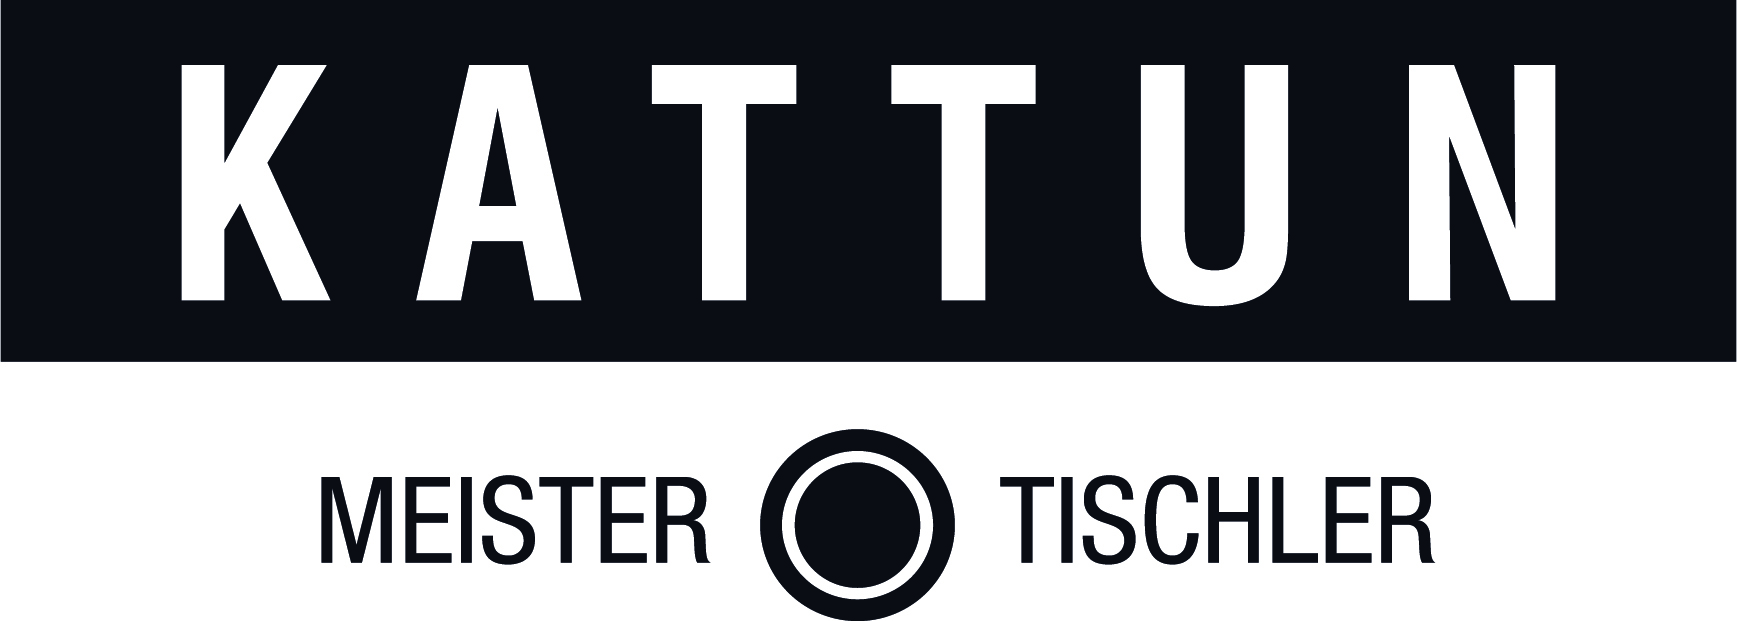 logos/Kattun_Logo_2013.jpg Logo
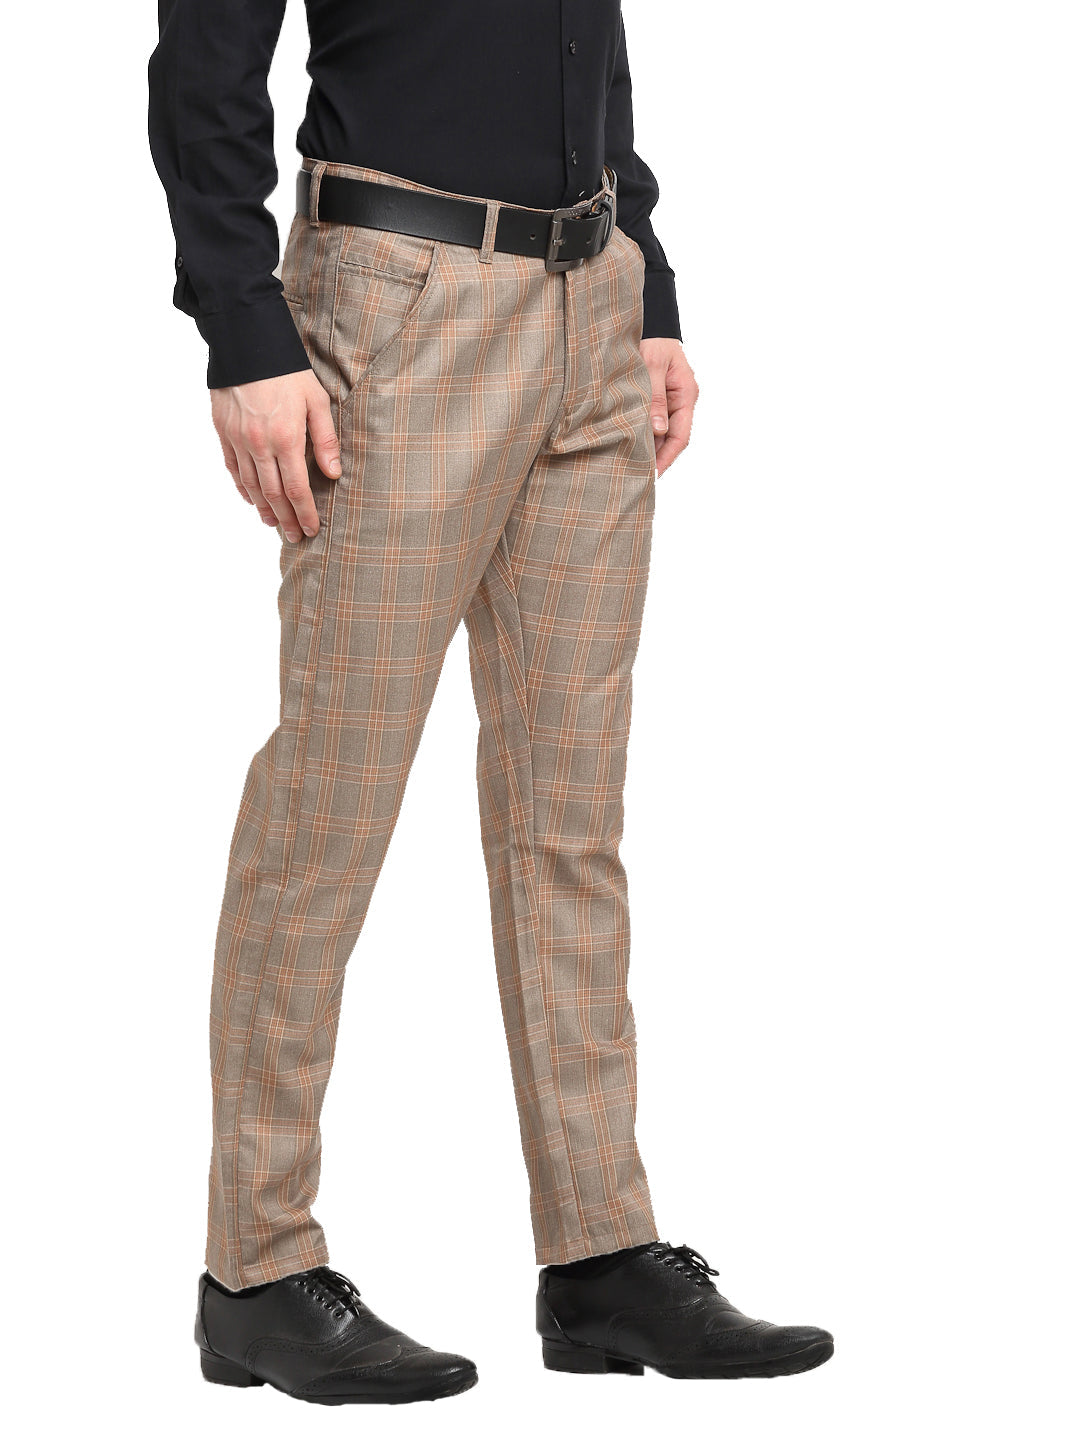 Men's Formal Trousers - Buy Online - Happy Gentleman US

--

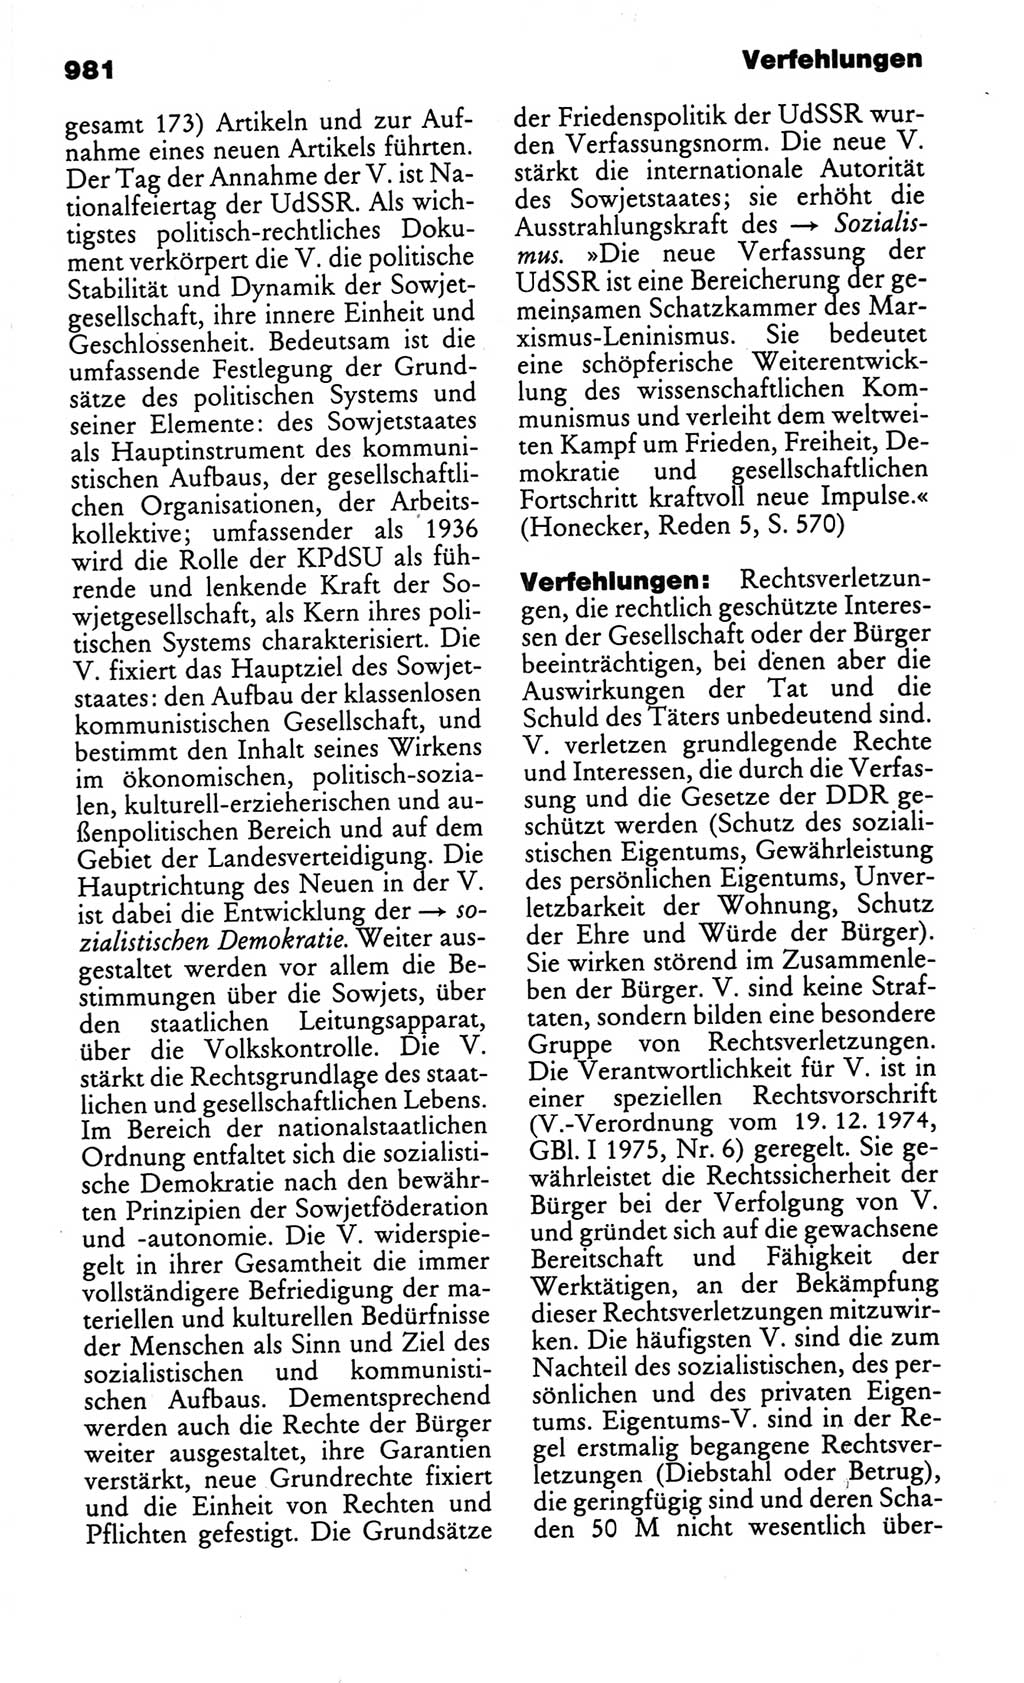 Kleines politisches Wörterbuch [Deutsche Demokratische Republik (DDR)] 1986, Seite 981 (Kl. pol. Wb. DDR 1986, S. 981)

§ ABOUT THIS EXERCISE
Find the line with "logos/Kattun_Logo_2013.jpg Logo" and the line with "Men's Formal Trousers" in the records above. Copy both and all lines between them exactly, without pictures.

§ RESPONSE TO THIS TASK
 logos/Kattun_Logo_2013.jpg Logo
 Men's Formal Trousers - Buy Online - Happy Gentleman US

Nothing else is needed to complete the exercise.